The FIT’s election campaign was characterised by its presentation of concrete proposals to tackle the pressing needs of the people.

These included wage increases to address the rising cost of living, no further tax increases on workers and a pension rate of 82% of workers’ average wages.

The FIT also campaigned for the nationalisation of oil and gas, starting with the revocation of the deal with Chevron. The demand for nationalisation was extended to cover the railways and underground metro system, together with their placement under workers’ and commuters’ control as the only way to salvage the railway system and put an end to the string of recent train disasters.

FIT candidates also promised that if elected they would place themselves at the service of workers and communities in struggle, with the aim of building a political alternative of workers and the left capable of fighting for a peoples’ and workers’ government.

In line with this, FIT parliamentarians will only receive an average workers’ wage, with the rest of their salaries being used to help fund different struggles.
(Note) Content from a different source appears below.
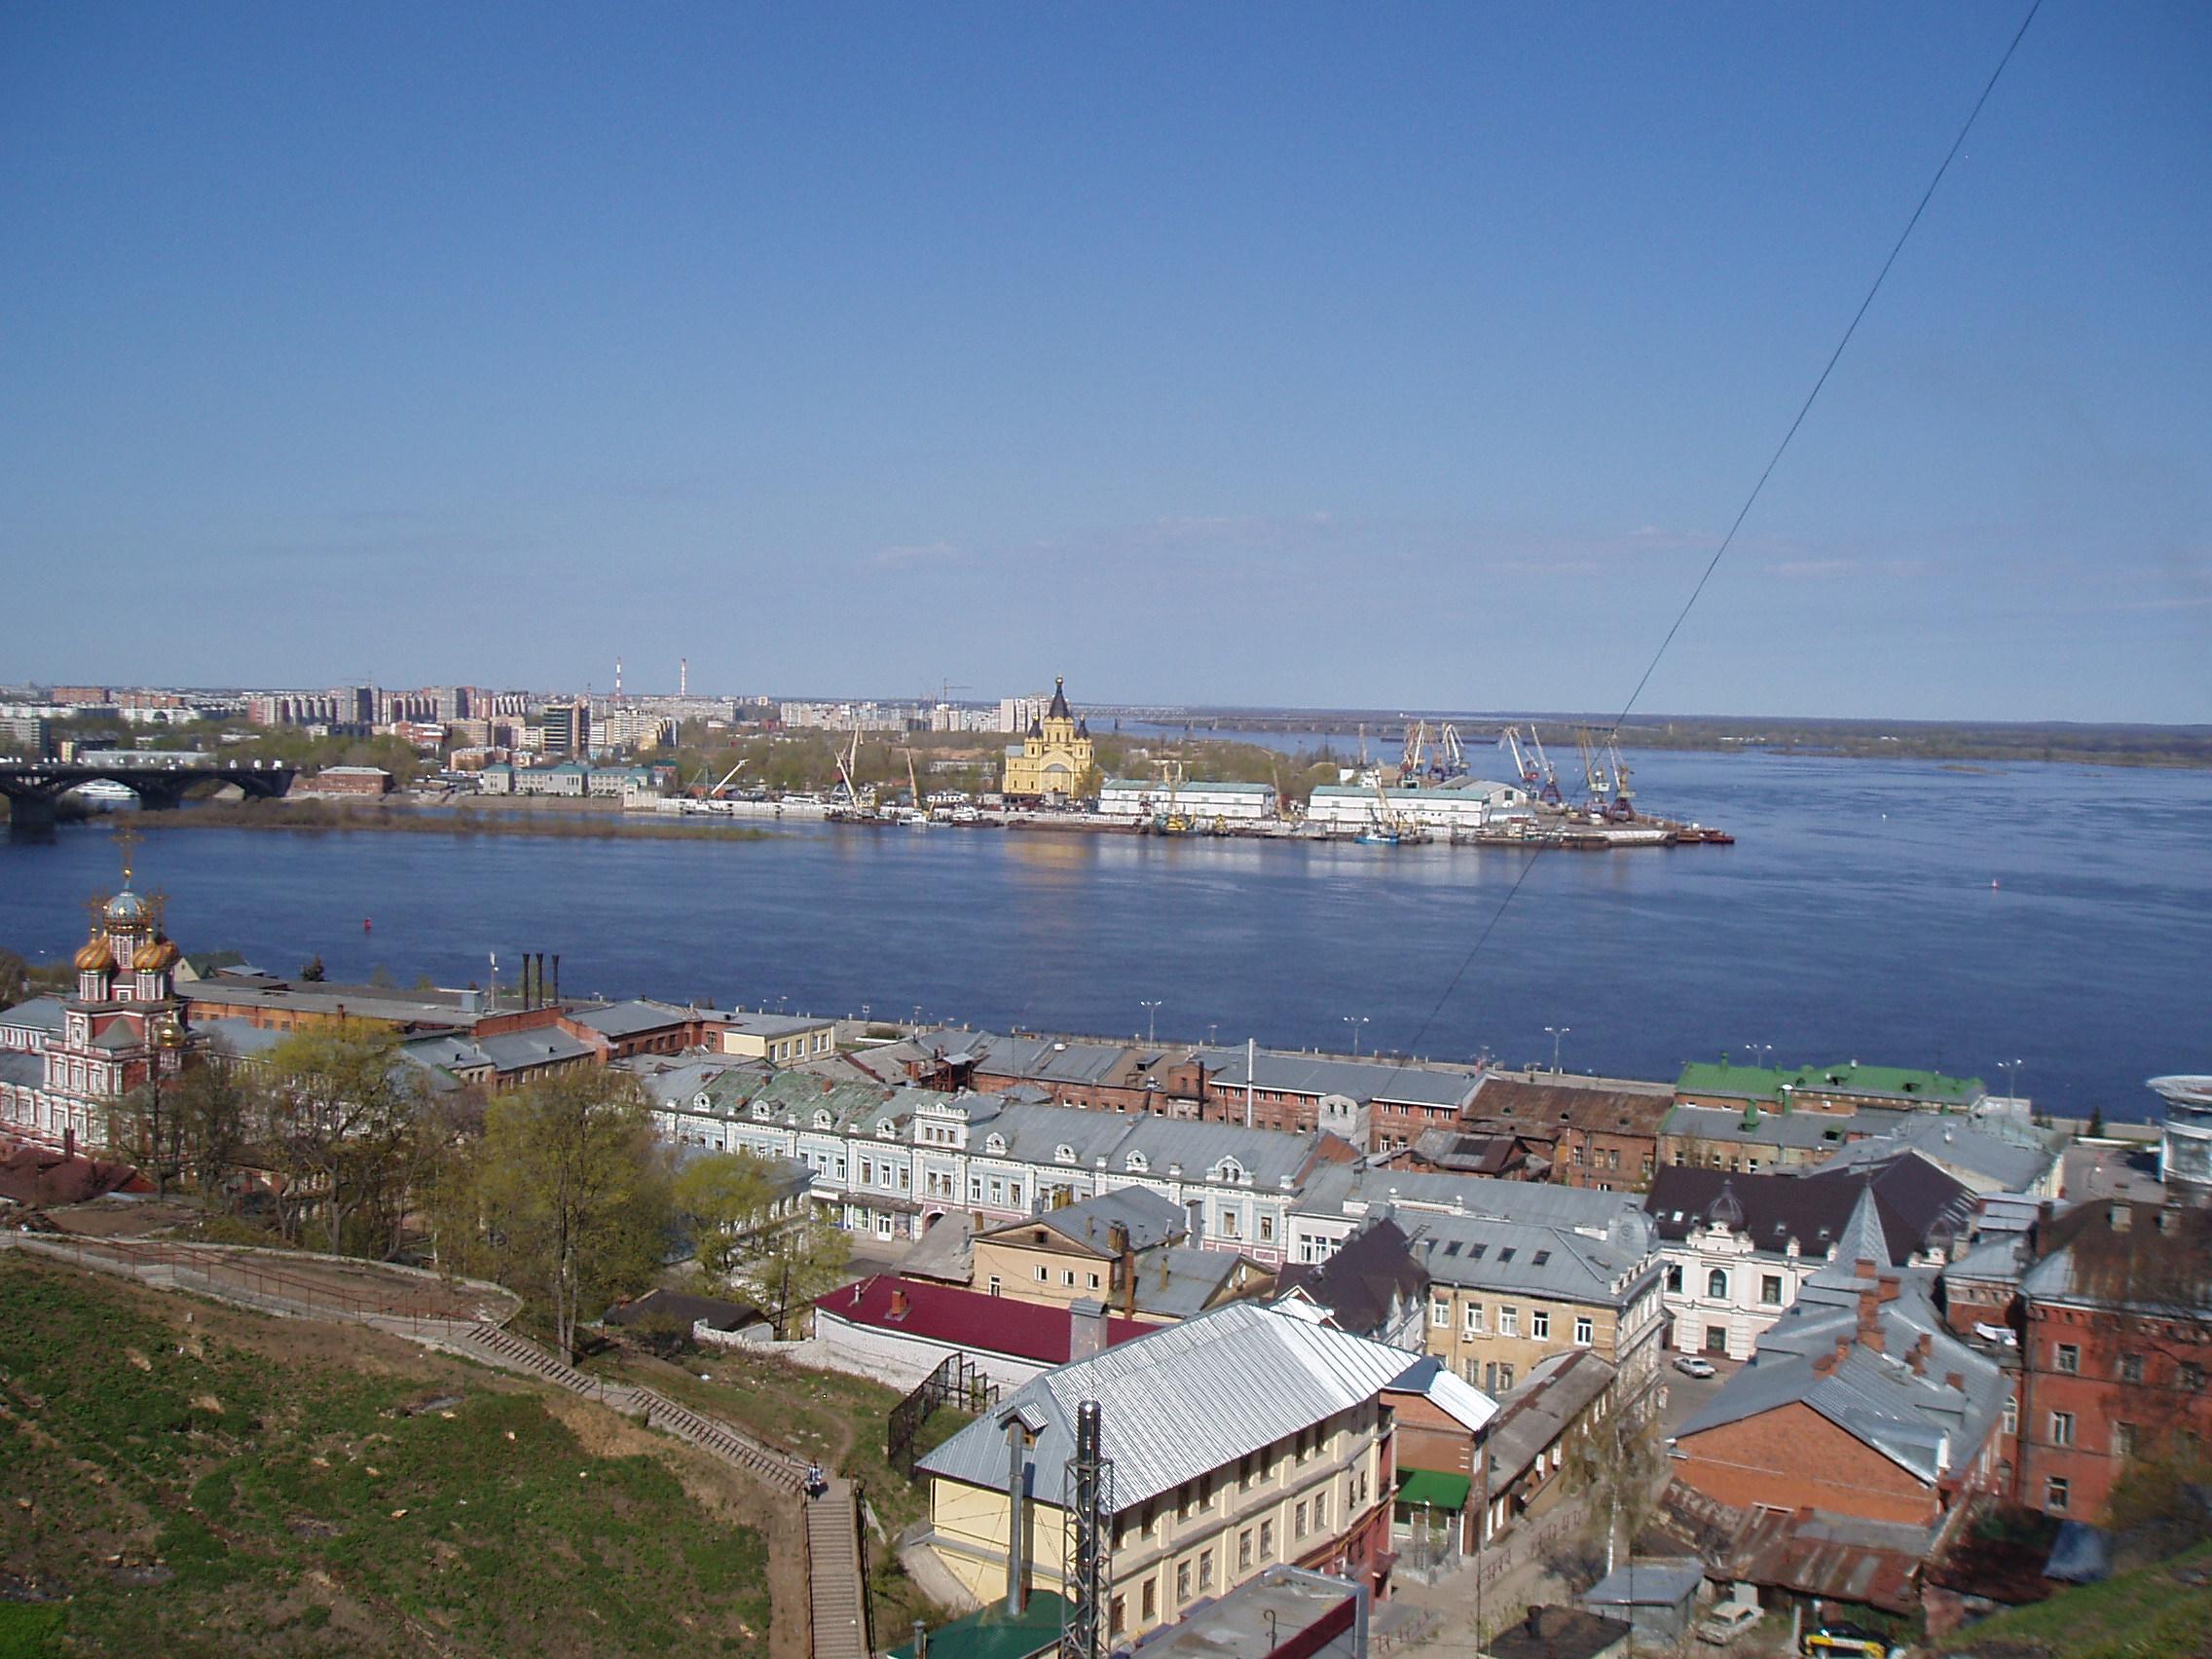 ВНижнем Новгороде выбрали лучшую концепцию развития Стрелки

Elected candidates will also only hold their seat for one year before rotating it with the other candidates who ran on the same list, ensuring that the experience is shared around and privileges not accrued.

An important challenge will be the FIT’s ability to link up with other left forces that did well in these elections, both to actively work together in supporting struggles but also with an eye to the 2015 presidential elections.

What will happen next is unclear, but in any case a new experience has been born in Argentina, a work in progress that many will be following closely with a sense of hope.

[Raul Bassi is a Socialist Alliance activist in Sydney, originally active in Argentina.]